Double conductor microelectronic structures are typically formed by growing a first insulating film over a single crystal silicon substrate, depositing a first layer of polycrystalline conductors (such as polycrystalline silicon) over the first insulating layer, placing a second insulating film over the structure and finally depositing a second layer of conductors over the second insulating film. The purpose of the second insulating film is to insulate the first and second conductive layers from each other. Such devices perform well only if both the first and second insulating films are good insulators. The first insulating film is usually a silicon dioxide layer grown over the single crystalline silicon substrate, and is well-known to be an excellent insulator. However, a significant problem in the art is that the second insulating film placed over the polycrystalline conductive layer is only a fair insulator, resulting in relatively high leakage currents between the two conductive layers through the second insulating film. While not subscribing to any particular theory, leakage of charge through the second insulating film is believed to be caused by surface spikes in the polycrystalline conductor surface. These surface spikes are believed to cause local enhancements in the electric field, resulting in high leakage currents through the second insulating film. Regardless of the theoretical explanation for this phenomenon, there remains the significant limitation of the art that insulating films placed over polycrystalline conductive layers do not provide insulation comparable to that afforded by oxide grown over single crystalline silicon. Because the current trend in microelectronic processing is to reduce the thickness of insulating films, this problem is particularly important because reduction in insulation film thickness causes an increase in leakage current for given operation voltages.

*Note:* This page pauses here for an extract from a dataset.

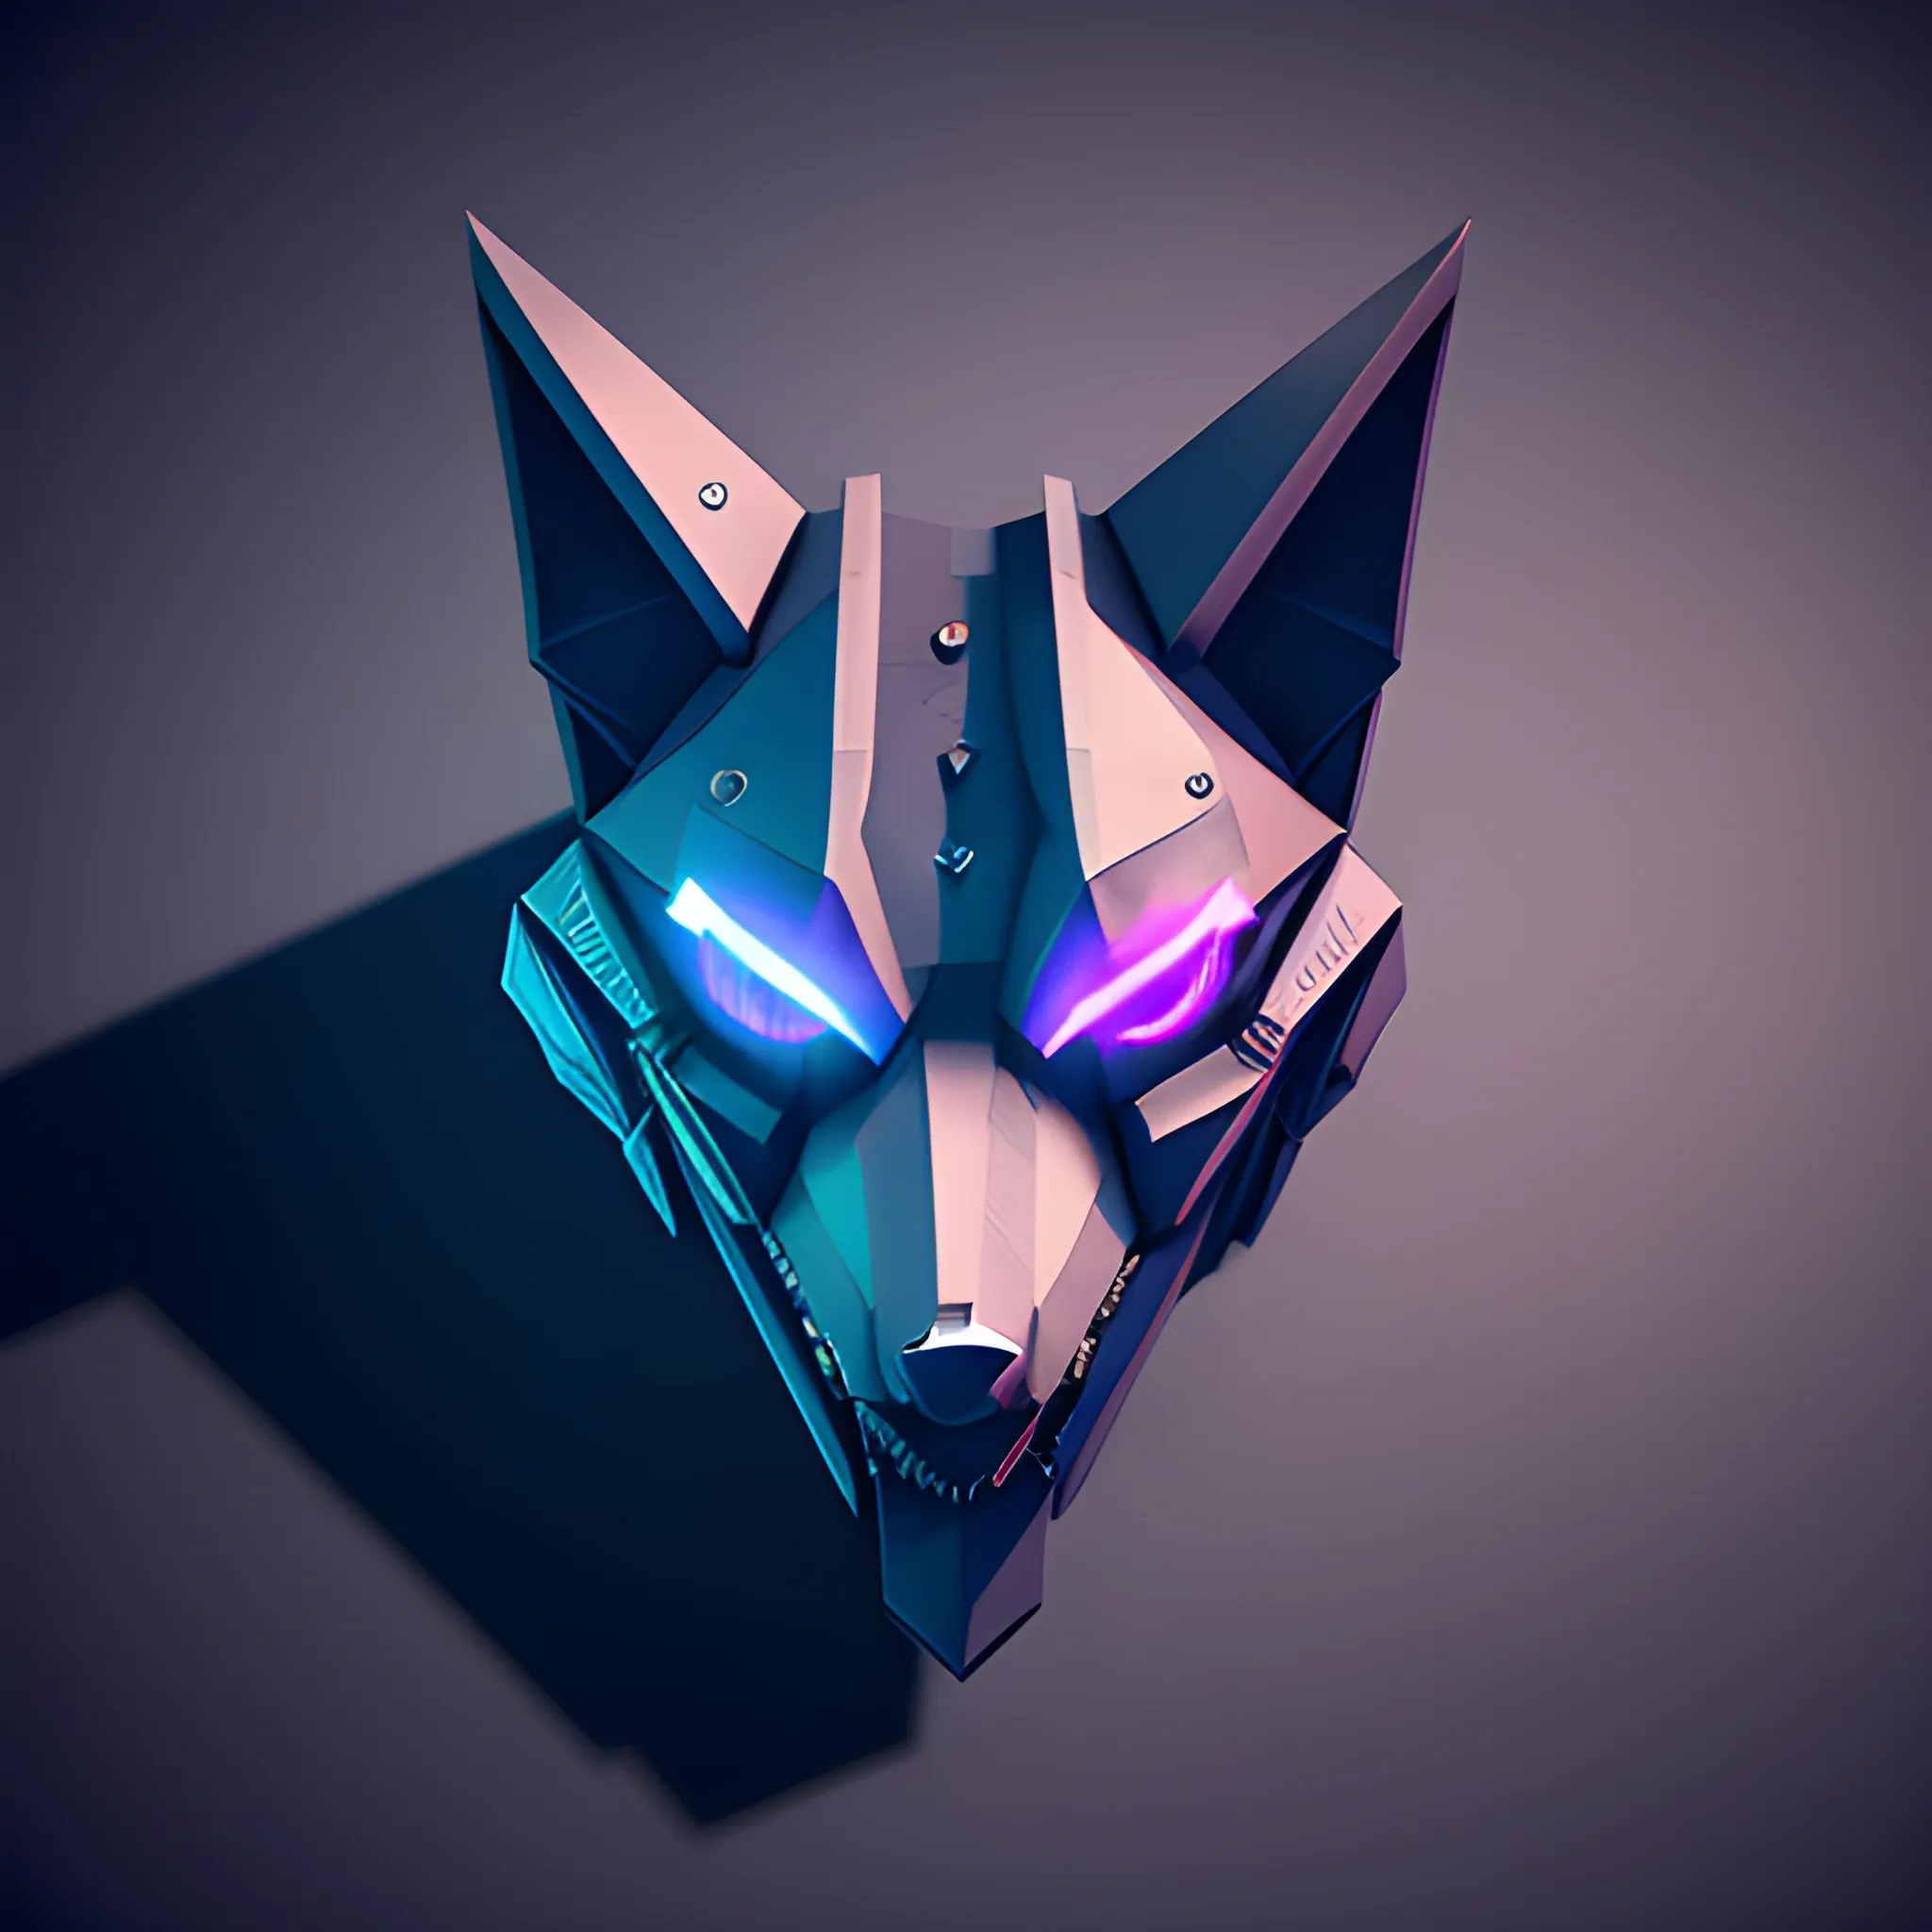 Cyberpunk lone wolf  logo
, 3D, Trippy,

Double conductor microelectronic structures are used in various types of devices, for example, erasable programmable read only memories (EPROMS) which use the floating gate metal oxide semiconductor technology (FAMOS). FAMOS EPROMS are well known in the art and are discussed, for example, in Microelectronics, by the Editors of Scientific American, Freeman and Company, (1977) page 59, top figure. In this type of device, leakage currents through the second insulating film cause a loss of information or charge during and after writing of information into memory.
Charge coupled devices are also a species of double conductor devices. The inferior insulation qualities of oxide grown over polycrystalline silicon is also a limiting factor in the performance of charge coupled devices. In particular, charge coupled devices of the type discussed in Sequin, et al, Charge Coupled Devices, Academic Press (1975) may be formed of at least two layers of polycrystalline silicon electrodes which must be insulated from one another by an intermediate layer of oxide. Leakage of charge through the intermediate oxide layer between conductors which are connected to different clock signals will severely impair device performance.

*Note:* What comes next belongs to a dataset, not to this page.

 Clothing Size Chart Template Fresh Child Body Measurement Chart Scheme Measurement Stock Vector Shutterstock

Packing density of Very Large Scale Integration (VLSI) devices such as Dynamic Random Access Memories (RAMs) and Static RAMs is improved by utilizing double conductor microelectronic structures. Therefore, the problem of leakage current through the second insulating film in double conductor devices is significant in a Dynamic and a RAM Static RAM utilizing a double conductor structure.
One possible solution to the problem of inferior insulation afforded by insulation films placed over polycrystalline layers is to grow a silicon dioxide insulation film over polycrystalline silicon material at a very high temperature (1150.degree. C.). Although this high temperature technique is known to result in an insulating oxide film having better insulation qualtities, it still does not provide the excellent insulation afforded by oxide films grown over single crystal silicon. Furthermore, there are significant disadvantages associated with such a high temperature method. In order to achieve good insulation qualities in oxide films grown over polycrystalline material, the oxide must be grown at a high temperature of 1,150.degree. C., causing redistribution of implanted impurities in the substrate, such as, for example, source and drain diffusions of a Metal Oxide Semi-Conductor Field Effect Transistor (MOSFET). As a result, the area over which a MOSFET gate overlaps the diffusions may increase, increasing the parasitic capacitance between the diffusions and the MOSFET gate, which reduces the speed of the MOSFET. The redistribution of the source and drain diffusions also causes changes in the channel length between the source and drain diffusions leading to uncontrollable punch through currents.
A further disadvantage of high temperature deposition of oxide films over polycrystalline material is that the resulting device is more susceptible to change in electrical characteristics due to ionizing radiation damage from gamma rays and x-rays. As a result, devices having oxide layers grown at the high temperatures discussed above will not meet the radiation hardness requirements of military specifications.
In summary, the inferior insulation provided by oxide layers grown over polycrystalline silicon conductors is a problem limiting device performance which could be partially solved in the prior art only by using a high temperature oxidation process which degrades the device characteristics.